ICICI Bank declared the results for the third quarter and first nine months of financial year 2012-2013 (9mFY13). The bank has reported 32% YoY growth in both net interest income and net profits for the first nine months. Here is our analysis of the results.

Performance summary
  • Net interest income grows by 32% in 9mFY13 on the back of 17% YoY in advances while net interest margin (NIM) improved to 3.0% from 2.6% in 9mFY12.
  • Cost to income ratio reduces to 41% from 44% in 9mFY12.
  • Capital adequacy ratio healthy at 19.5% at the end of December 2012.
  • Net NPAs at 0.64% of advances in 9mFY13 as against 0.7% in 9mFY12.
  • Bottomline grows by 32% YoY in 9mFY13 largely due to higher interest margins and cost efficiency.
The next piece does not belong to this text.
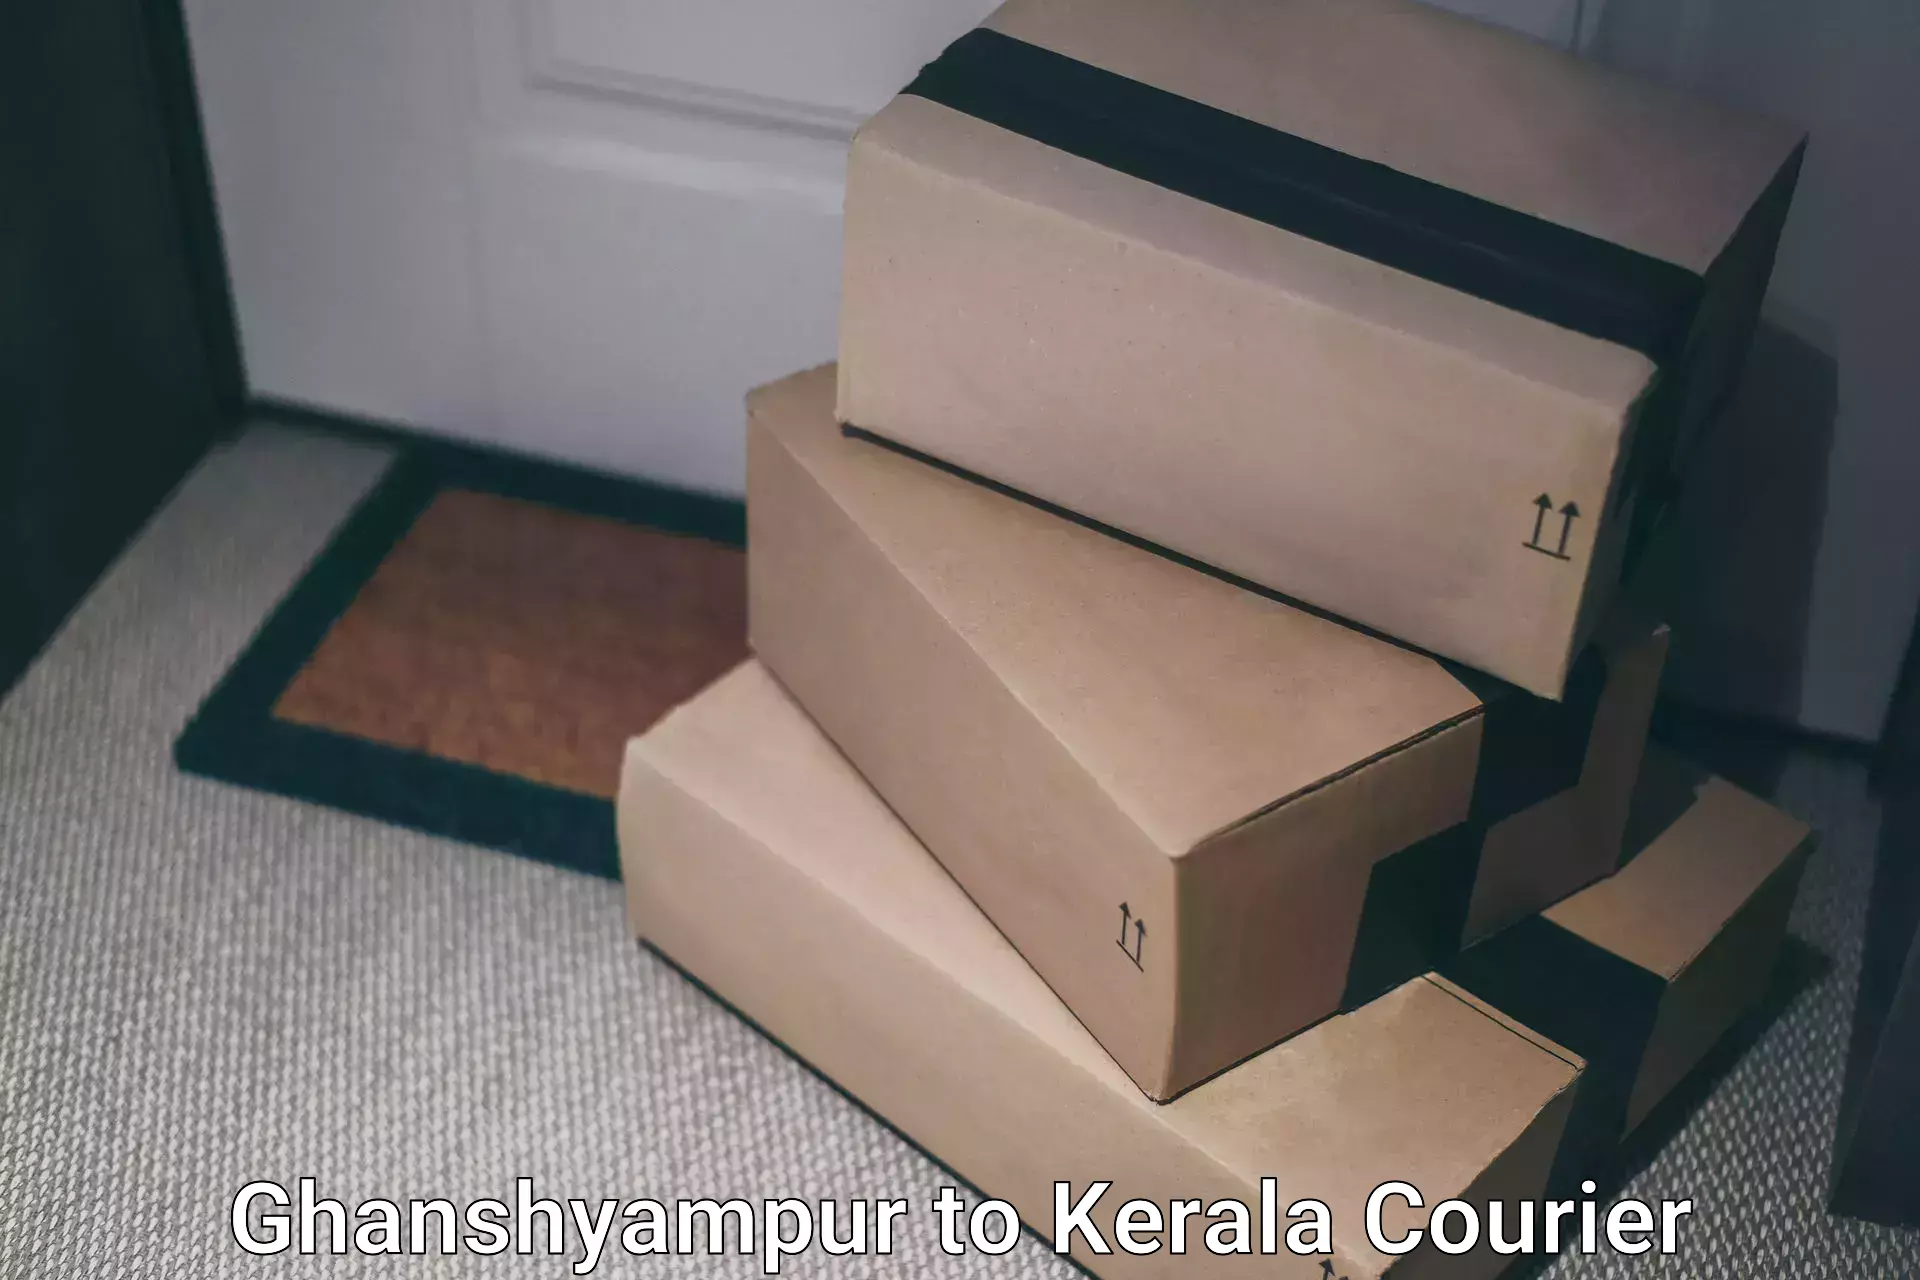 User-friendly delivery service Ghanshyampur to Thodupuzha

This is despite increase in provisioning which enhanced coverage ratio to 78% in December 2012.
  • Restructured assets were 1.5% of loan book in 9mFY13.

Standalone financial performance
Rs (m) 3QFY12 3QFY13 Change 9mFY12 9mFY13 Change
Interest income 85,918 101,382 18.0% 243,680 297,102 21.9%
Interest Expense 58,798 66,392 12.9% 167,386 196,470 17.4%
Net Interest Income 27,120 34,990 29.0% 76,294 100,632 31.9%
NIM (%)       2.6% 3.0%  
Other Income 18,918 22,146 17.1% 52,743 61,375 16.4%
Other Expense 19,167 22,611 18.0% 56,288 66,055 17.4%
Provisions and contingencies 3,411 3,687 8.1% 11,137 13,425 20.5%
Profit before tax 23,460 30,838 31.4% 61,612 82,527 33.9%
Tax 6,179 8,335 34.9% 15,976 22,311 39.7%
Profit after tax / (loss) 17,281 22,503 30.2% 45,636 60,216 31.9%
Net profit margin (%) 20.1% 22.2%   18.7% 20.3%  
No. of shares (m)         1,153.1  
Book value per share (Rs)*         598.0  
P/BV (x)         2.0  
* (Book value as on 31st December 2012)

What has driven performance in 9mFY13?
  • Voluntarily, if not by compulsion, ICICI Bank chose to keep its balance sheet expansion muted in 9mFY13. The motive seems to be both capital conservation as well check on asset quality. Both in terms of loan growth and deposit growth, ICICI Bank's numbers have come in a tad lower than the growth rate posted by most of its private sector peers. However, given the bank's balance sheet size the cautious undertone has certainly paid off by way of better and more stable net interest margins. The bank's NIMs at 3% at the end of December quarter is not just higher than 2.6% in 9mFY12. It has also managed to retain margins at the same level for the past 4 quarters. Thus, ICICI Bank has displayed ample resilience to the economic downturn over the past few quarters.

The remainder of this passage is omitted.